Time to stem the text, which involves stripping off prefixes and suffixes in the word and converting the word into its base form.

The Porter and Lancaster stemmers are both built into NLTK and behave similarly.

In [18]:
import nltk
def stem_with_porter(words):
    porter = nltk.PorterStemmer()
    new_words = [porter.stem(w) for w in words]
    return new_words
    
def stem_with_lancaster(words):
    porter = nltk.LancasterStemmer()
    new_words = [porter.stem(w) for w in words]
    return new_words    
## Demonstrate ##    
str = "Please don't unbuckle your seat-belt while I am driving, he said"
print("porter:", stem_with_porter(str.split()))

print("lancaster:", stem_with_lancaster(str.split()))

porter: ['pleas', "don't", 'unbuckl', 'your', 'seat-belt', 'while', 'I', 'am', 'driving,', 'he', 'said']
lancaster: ['pleas', "don't", 'unbuckl', 'yo', 'seat-belt', 'whil', 'i', 'am', 'driving,', 'he', 'said']


Stemming can remove some of the meaning of a word, but remember that the goal is to reduce the vector size containing the unique words found in the corpus. Keeping every form of the same root word can increase computational complexity substantially.

In [19]:
porter = [stem_with_porter(x.split()) for x in sents_processed]
porter = [" ".join(i) for i in porter]
porter[0:10]

['so there is no way for me plug in here in us unless go by convert',
 'good case excel valu',
 'great for jawbon',
 'tie charger for convers last more than minut major problem',
 'mic is great',
 'have jiggl plug get line up right get decent volum',
 'if you have sever dozen or sever hundr contact then imagin fun send each them one by one',
 'if you are razr owner you must have thi',
 'needless say wast my money',
 'what wast money and time']

## Vectorizing the Data

CountVectorizer is just a way of counting how many time each word occurs in the corpus.

TD is a normalized frequency of the word, whereas IDF is a weighting of the uniqueness of the word across all of the documents.

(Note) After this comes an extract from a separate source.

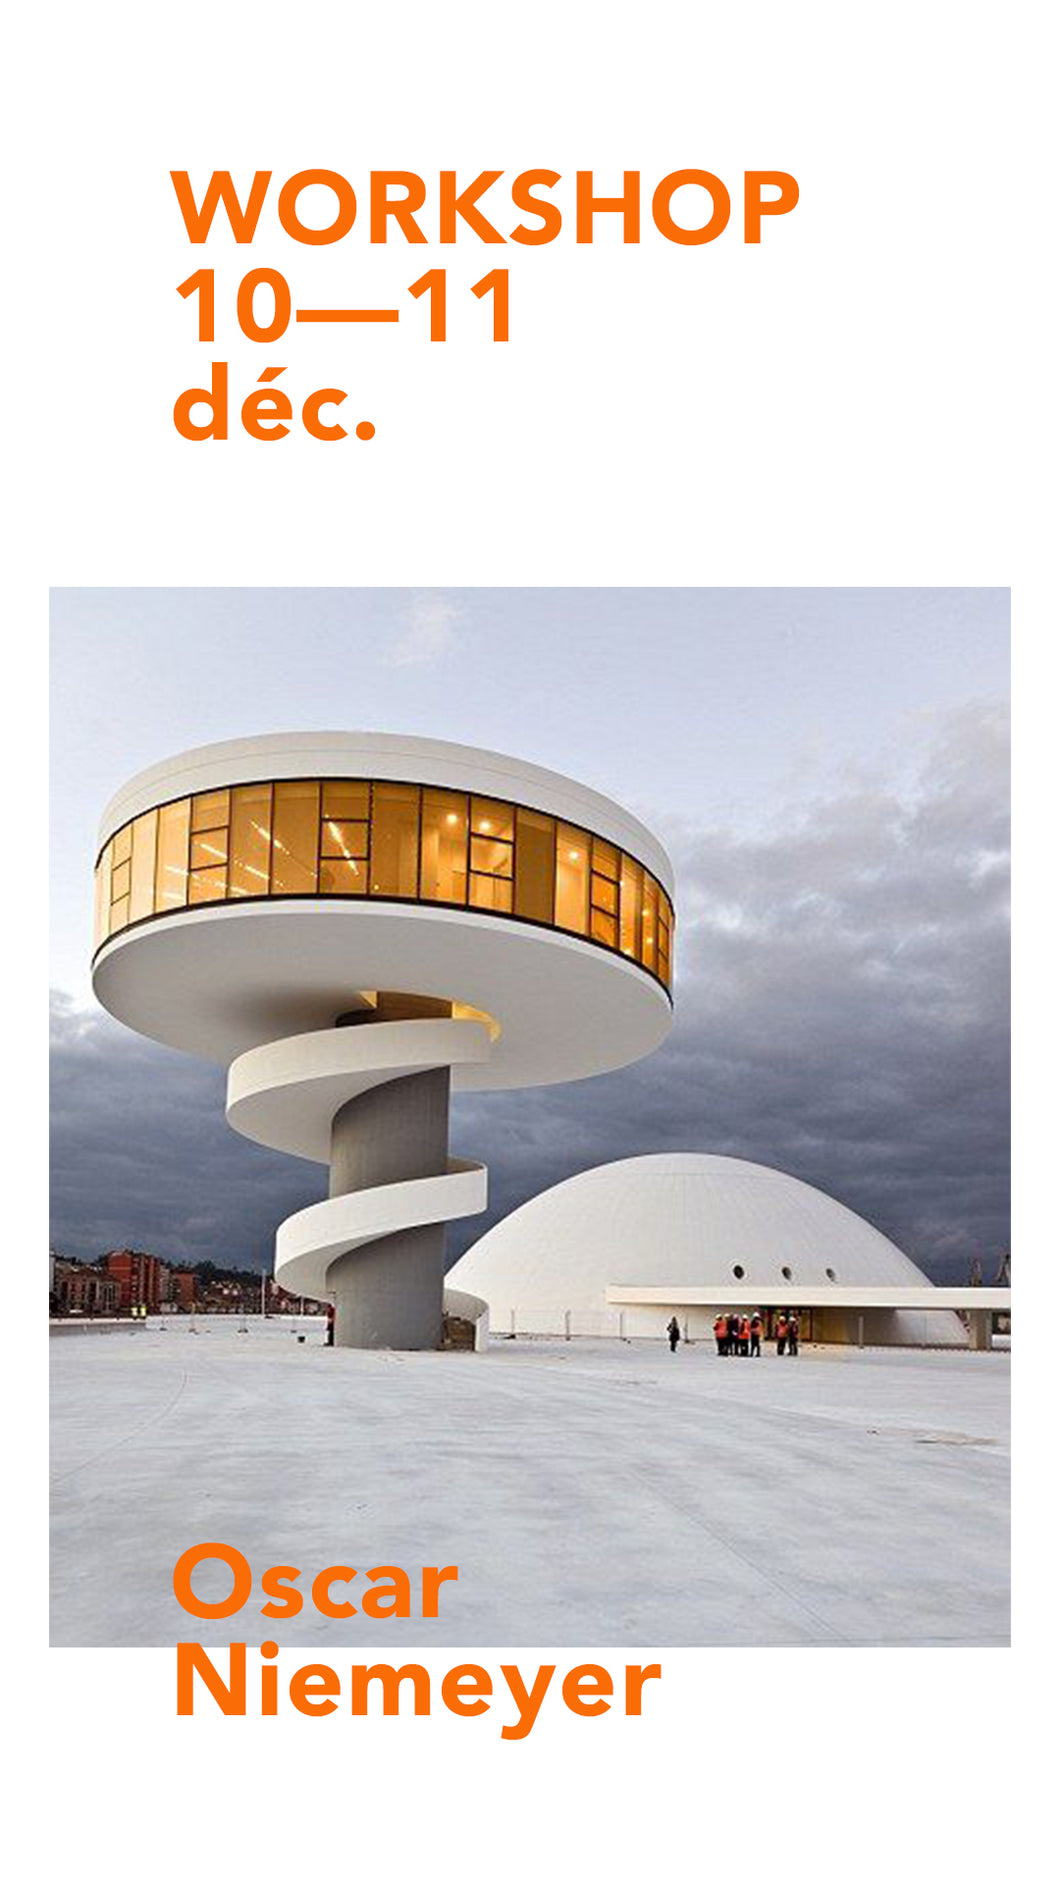 Workshop Oscar Niemeyer

Here we create a bag of words and then find the normalized frequencies and weightings of each word.

In [20]:
from sklearn.feature_extraction.text import CountVectorizer
from sklearn.feature_extraction.text import TfidfTransformer
from sklearn.feature_extraction.text import TfidfVectorizer

vectorizer = CountVectorizer(analyzer = "word", 
                             preprocessor = None, 
                             stop_words =  'english', 
                             max_features = 6000, ngram_range=(1,5))
data_features = vectorizer.fit_transform(sents_processed)
tfidf_transformer = TfidfTransformer()
data_features_tfidf = tfidf_transformer.fit_transform(data_features)
data_mat = data_features_tfidf.toarray()

The code above can be confusing, so let me try to explain a bit more. Imagine we took all unique words found in this review dataset and put one in each column of a spreadsheet. Each review would then be given a row in the spreadsheet. For each review, we put numbers indicating how many times each word appears in the review, like in the graphic below. That is what data_features above holds.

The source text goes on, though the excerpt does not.